Books in 2012: Review of a year in literature

It has been a great year for invention and experiment, both in the content of books and their form, says Gaby Wood.

Zadie Smith
Zadie Smith Photo: Rex Features
If the year in fiction could be said to have belonged to anyone in 2012, it’s a novelist who has resurrected the past. The two Man Booker Prize-winning volumes of Hilary Mantel’s projected trilogy about the life of Thomas Cromwell – Wolf Hall and Bring up the Bodies – have made the 16th century so familiar to us that it’s easy to forget the extent to which their author has remodelled the English language. As she put it wryly when speaking at this year’s Telegraph Hay Festival, Mantel “learnt to talk Tudor” by giving just “a flavour” of the way people spoke then. Documented texts and resonant letters are joined seamlessly with jocular, everyday figures of speech, resulting in something suggestive and true to its own logic – but you’d hesitate to claim it was anything so gauche as “authentic”.

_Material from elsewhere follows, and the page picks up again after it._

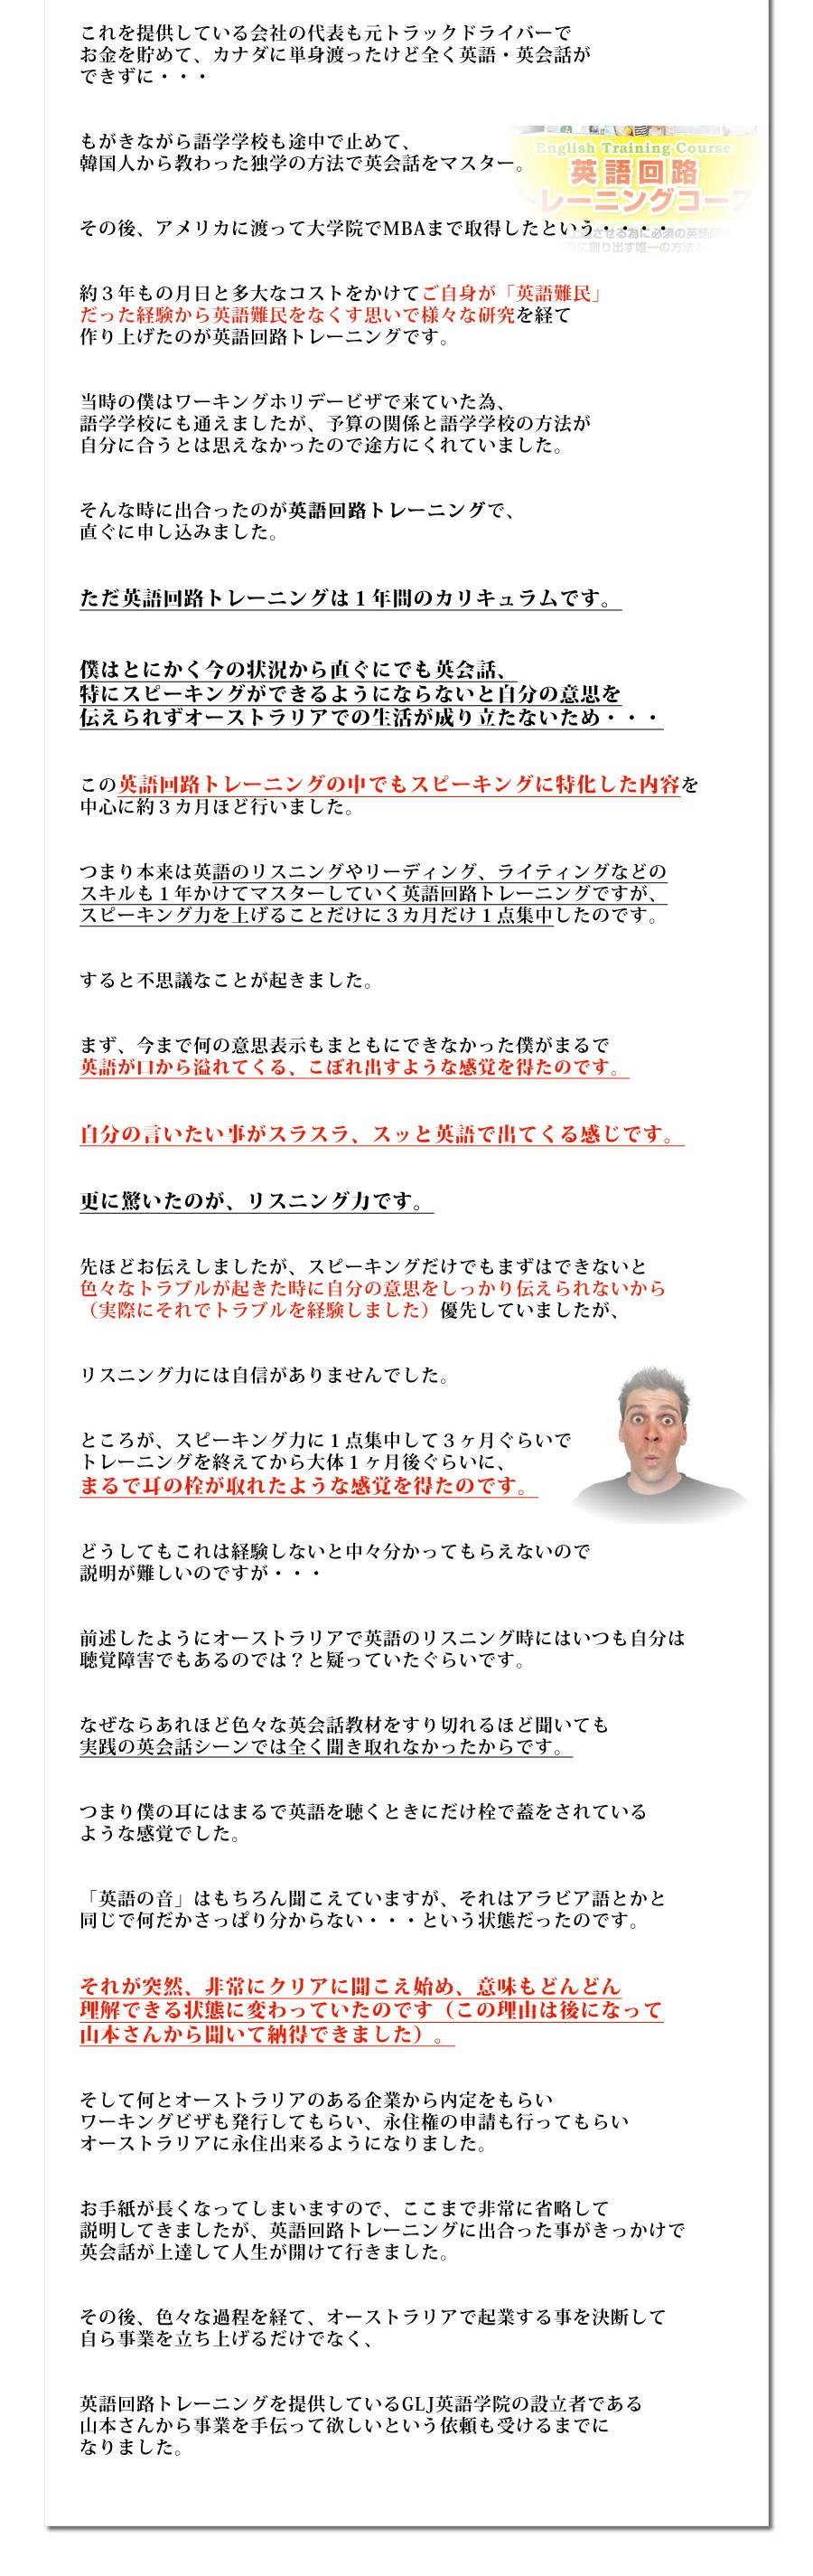 fs-message-3
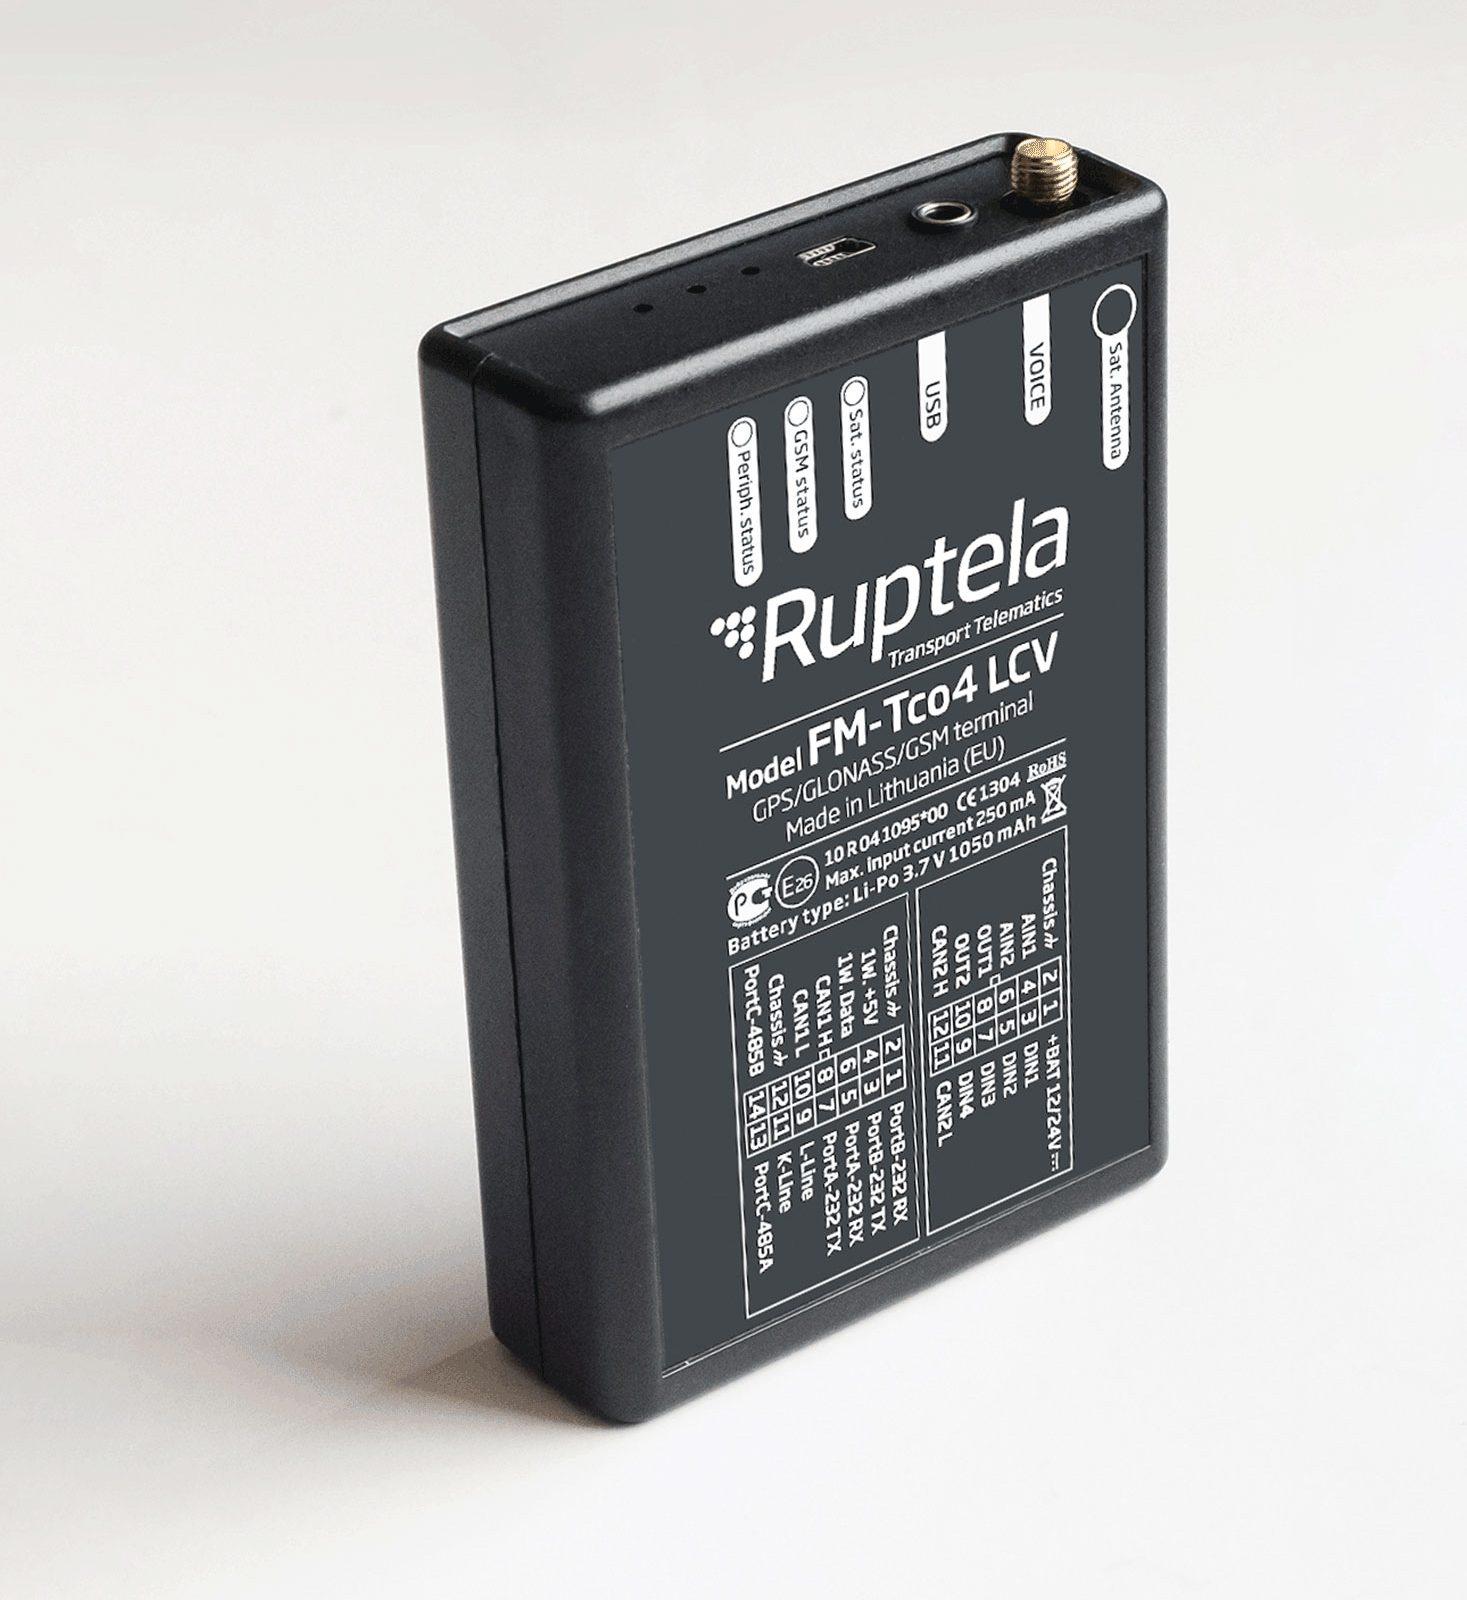 Ruptela-Tco4LCV-GPS-tracker

Although Mantel has entertained the idea of parallels with modern day Britain (and suggested that we might welcome Cromwell back to fix the banking crisis), overall she has said that “I’m not just writing a giant parable of today. We have to respect those people’s stories in their own right. They are no less people for being dead.”
None the less, three very distinct novelists have attempted to deal with the present – and more particularly, with the question of class. Martin Amis’s latest book,

Lionel Asbo, which carried the subtitle “State of England”, is set in Diston, an abbreviated dystopia where the titular lager lout has won the lottery. But its main narrative discomfort stems from the apparent positioning of the narrator as high enough above the working class anti-hero to spell out his pronunciation for the benefit of presumably equally snooty readers. (Cynthia is “Cymfia”, Lionel’s own name is pronounced “Loyonoo”.)

When I quizzed Amis about this at Hay he replied, more or less, that some of his best friends were working class, which did little to explain the archness of tone.

Amis’s grisly vision is not so very far from that of JK Rowling, whose The Casual Vacancy shocked many of her loyal fans. The “X” on the book jacket – standing for a ballot paper in a local election – might just as well have been a rating. Self-harm, heroin, sudden death, suicide: if the real world looks like this to Rowling, no wonder she came to invest in the magical one with such vigour. The pages of this first book for adults burst with everything she couldn’t say to children, and although she evidently meant it to represent a left-wing political view, her characters are all so monstrous as to obscure it.